Однажды ей открылось: все дела
окончены. Нет пятен на одежде,
в карманах — дыр, и выросли, кто прежде
нуждался в ней, кого она пасла…
— И Бог ее призвал. Она ушла.
Мой сад не вянет.
У меня нет сада.
Нет дома, где бы ветер плакал от досады.
Не причиняет боли туч свинцовых клетка,
поскольку небо вижу я и так довольно редко.
Я к звездам не стремлюсь уже, как прежде.
Мне газовый фонарь укажет путь к надежде.

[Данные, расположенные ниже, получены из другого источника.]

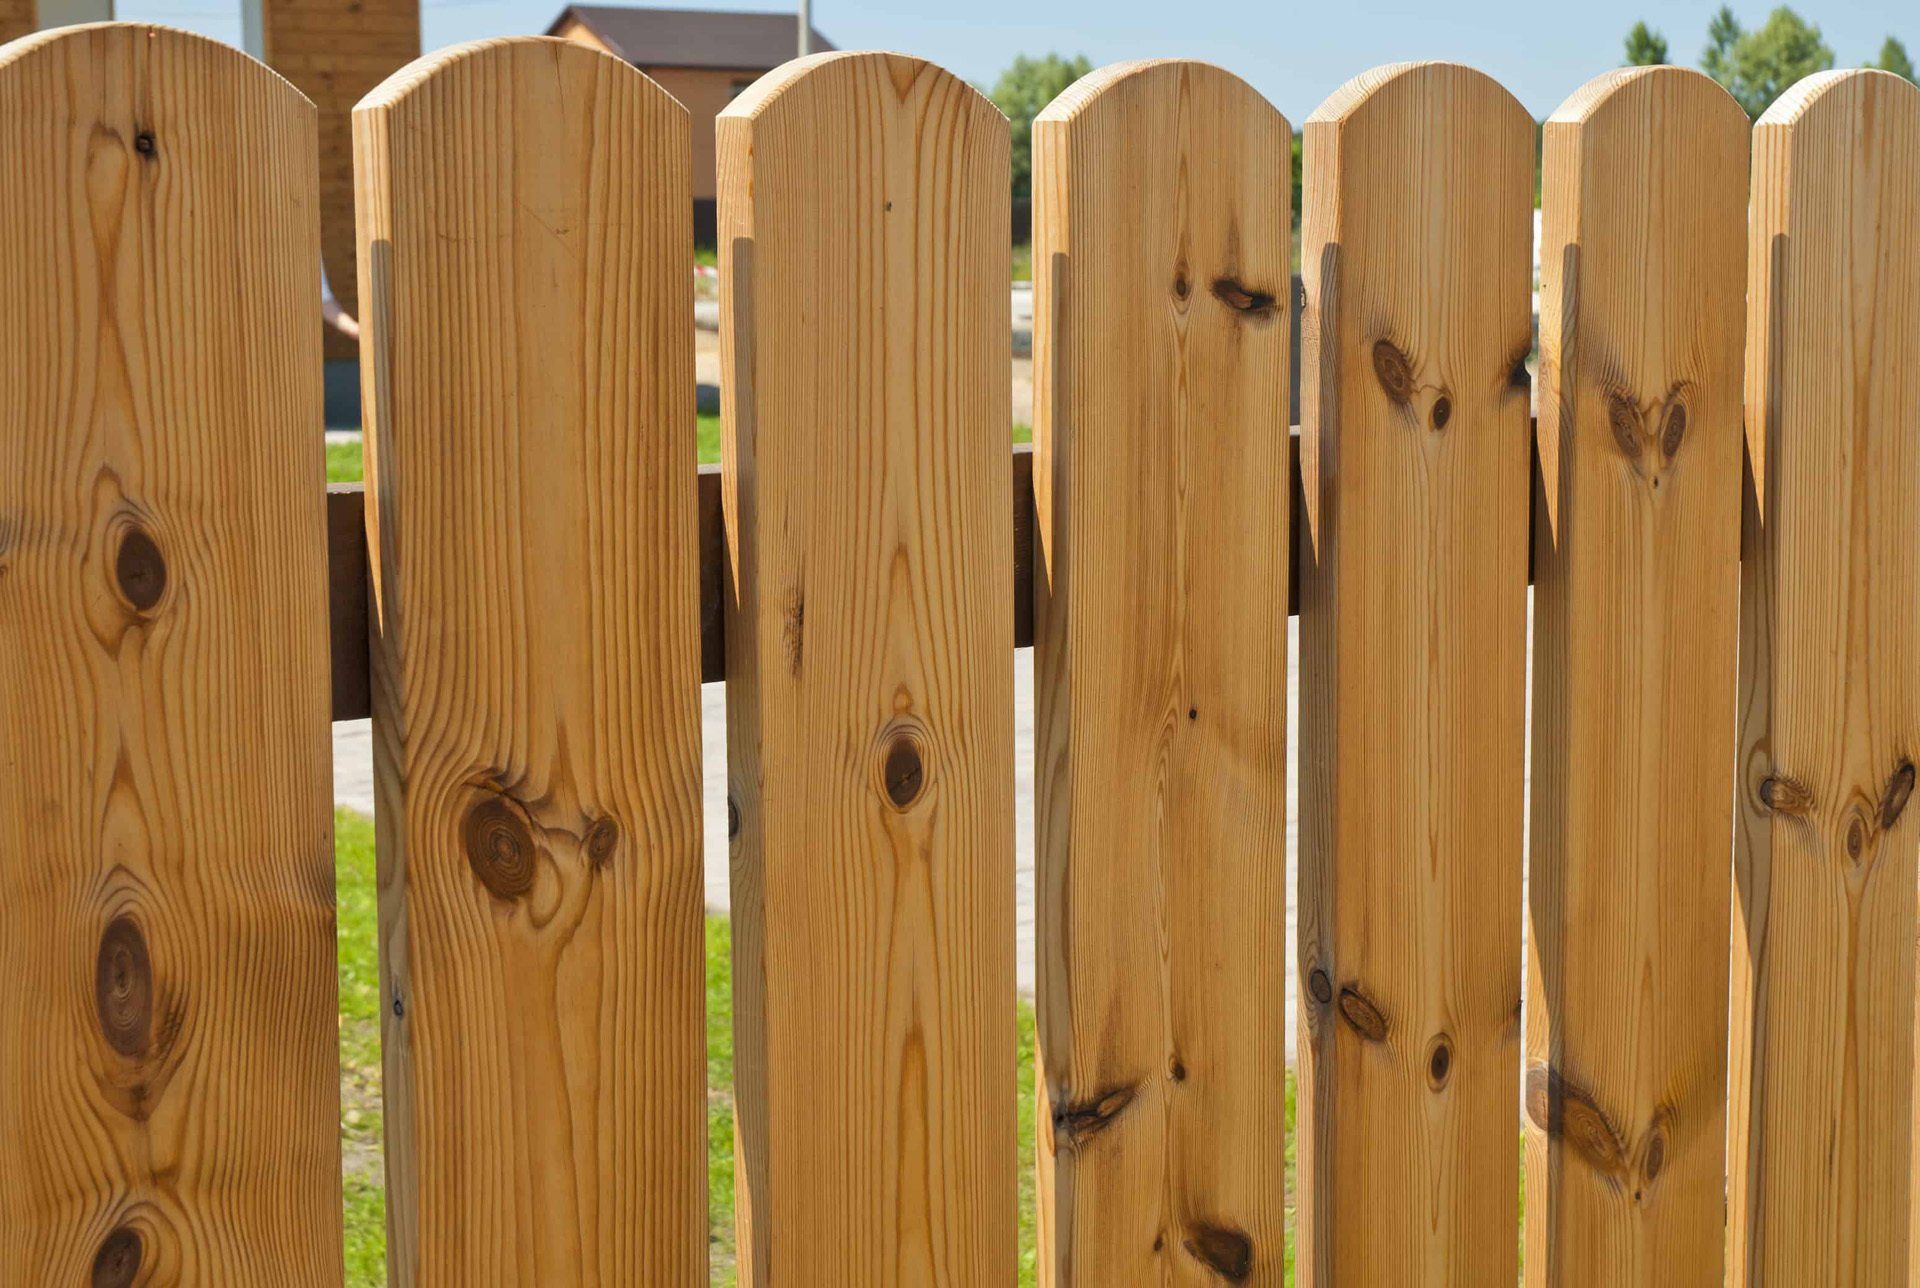 Wooden fence styling options

Не огорчит беда, не впечатлит отрада.
Мне осень не страшна,
ведь у меня нет сада…
Эрнсту Ровольту
Тут я близка, темня и стих строгая,
к тому, что можно строки рифмовать,
бездумно посвящение слагая;
но «Ровольта» ни с чем не срифмовать!
Однако, мастер, я надеюсь, Вам
понятна ткань стиха без рифмы оной.
Дареным виршам, так же как коням,
не смотрят… в общем, в след строфы дареной.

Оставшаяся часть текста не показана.